# What is the best facial recognition software



## Flipper61 (May 2, 2017)

I suffered a cyber attack and lost all the metadata for my entire set of photos.  I am working with a company to recover the files but need to reconstruct who is on the files using facial recognition software.  What is the best  software for the job?

The number of recovered files is massive -- it may be about a million, including both larger RAW files and smaller JPEGs, many of which may be duplicates.   The shots themselves are a mixture of portraits and action shots.

I am considering using Lightroom but am open minded if there is a better software solution.

I would also be interested in any suggestions on processing such a large number of files as my previous experience with LR facial recognition is that it struggles with large numbers of files that are but a fraction of the challenge I face.

Of course, I understand that to prevent future such attacks requires better security software and backups, and have already implemented these changes.
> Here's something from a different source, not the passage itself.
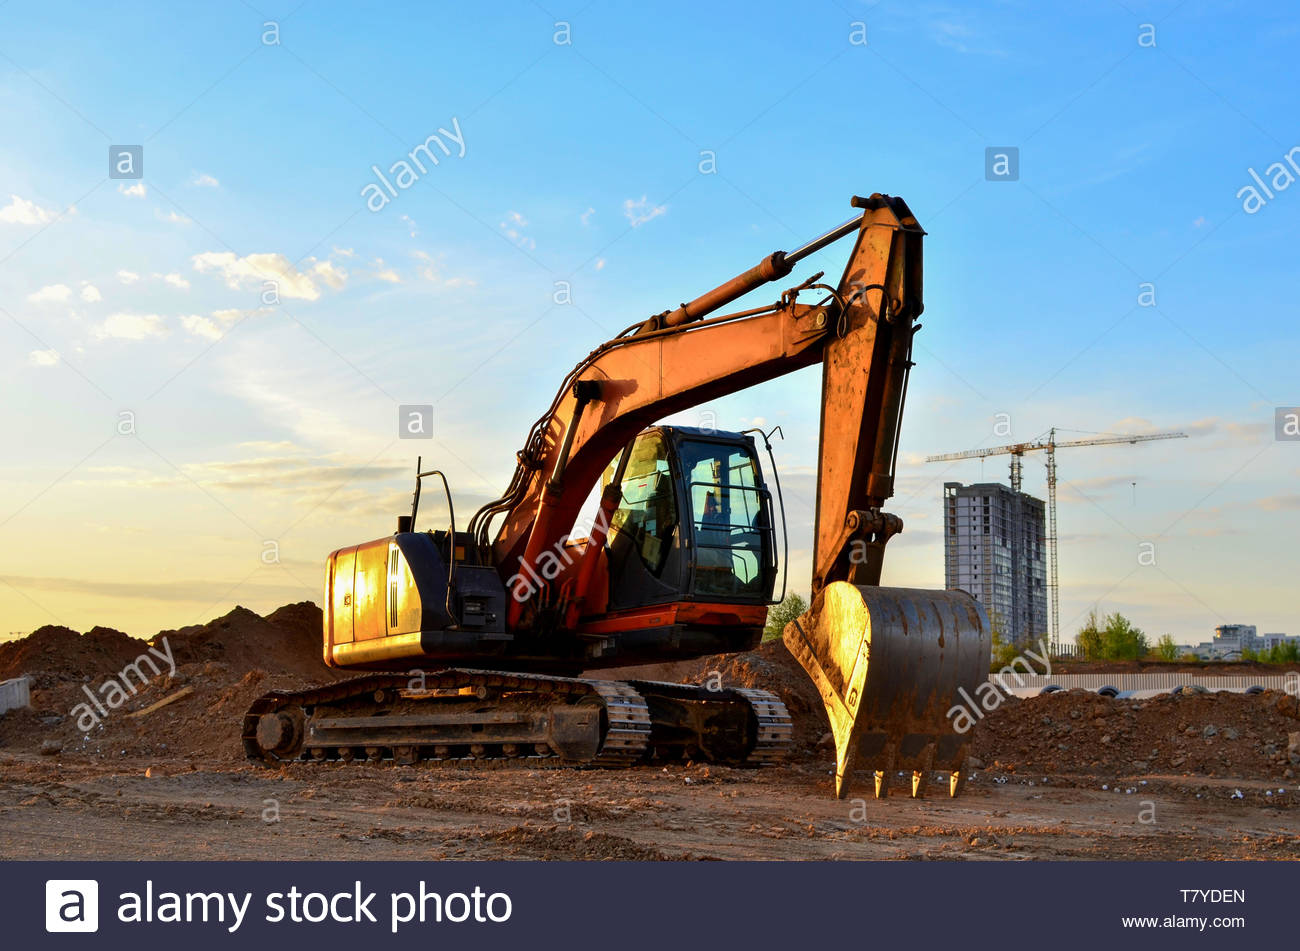 Heavy Tracked Excavator At A Construction Site On Background Of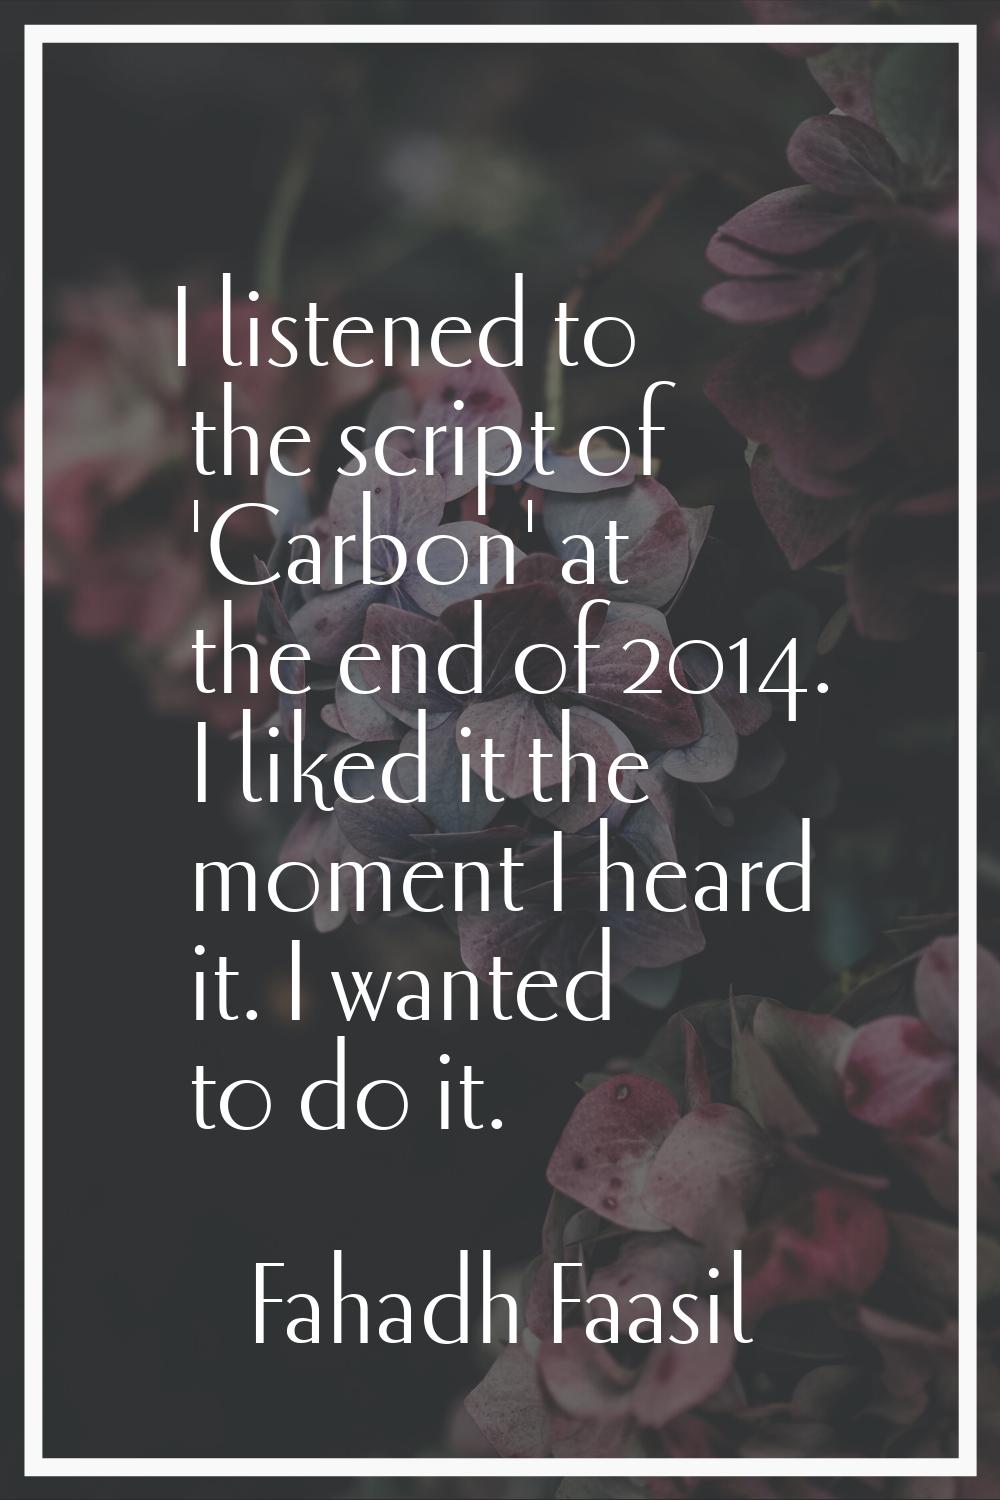 I listened to the script of 'Carbon' at the end of 2014. I liked it the moment I heard it. I wanted

I would really appreciate any help you could provide with this challenge.


----------



## chuasam (May 11, 2017)

James Comey would know and he's also looking for a job


----------



## 480sparky (May 11, 2017)

I seriously doubt there's going to be anything out there that can do what you want to do...... rewrite the EXIF based on who is in the image.

Probably _good _facial recognition software is gonna be awfully expensive anyway.


----------



## BrentC (May 11, 2017)

Removed what I wrote - I didn't properly read your post


----------